Corporate America may finally bring home its bacon. An estimated $3.1 trillion of corporate cash is now held offshore. For years, the likes of Apple and Microsoft have stashed billions of dollars there to cut their U.S. tax bills. Now, the tax-code rewrite could throw that into reverse. The great on-shoring may prompt multinationals, which have parked much of their overseas profits in bonds, to use the money to goose their stock prices. Think buybacks and dividends.

Your Russian news feed revealed. Twitter told Congress Wednesday it will let users know if they've been exposed to web posts secretly crafted as part of that country's effort to tamper with the 2016 U.S. election. Accounts linked to the Internet Research Agency, which aided Russian efforts to meddle in the race, are the focus of the social media company's effort.

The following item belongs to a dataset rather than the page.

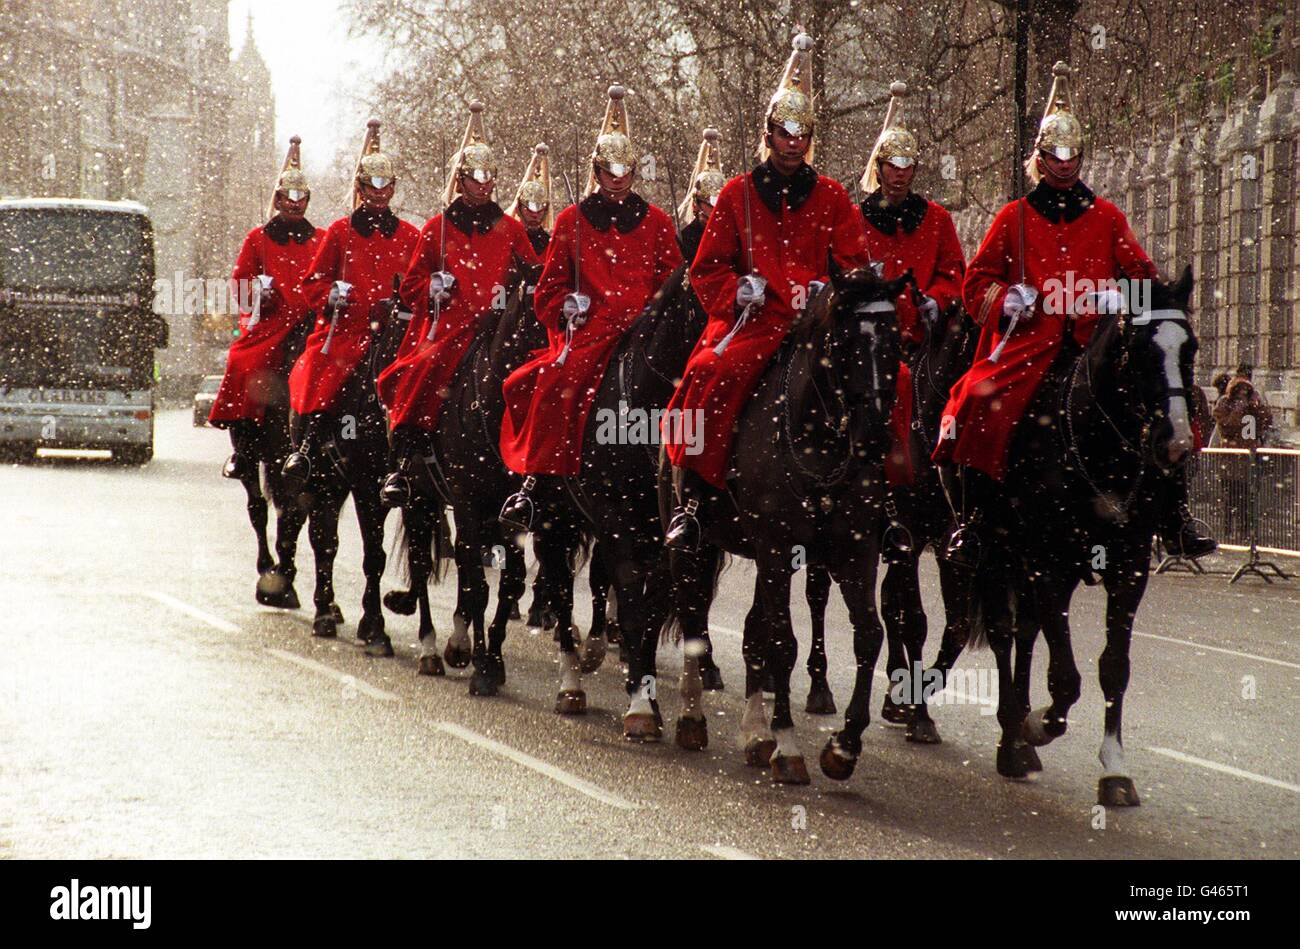 Eine Truppe der Life Guards - Höhlenmenschen - reiten ihre Pferde durch einen Schneeschauer am Mittwochmorgen in Londons Whitehall auf dem Weg zur täglichen Wache bei Horse Guards. In anderen Teilen Großbritanniens sind mehrere Zentimeter Schnee gefallen, sodass Autofahrer gestrandet sind, während Actic-Winde aus Europa hereingeblasen haben. PA FOTO von Tony Harris. Stockfoto

House Republican leaders are pushing a plan to avoid a shutdown by funding the government for four more weeks while ignoring Democrats and their demands for a deal on immigration. The bill would extend the Children’s Health Insurance Program, intended as a lure to Democrats, and delay taxes on high-end health insurance and medical devices, a gift to conservative Republicans. The Senate, however, is another matter.

The most valuable distiller is almost out of booze. You know you’re in Maotai when you smell it. The picturesque town of about 100,000 in southwestern China is home to the world’s most valuable liquor company. The soy sauce-like scent of the grain alcohol baijiu, made by the eponymous Kweichow Moutai Co., permeates the main street. But inside local liquor stores, the distiller’s big brands are sold out. The buying frenzy, and resulting inventory shortages, now extend nationwide.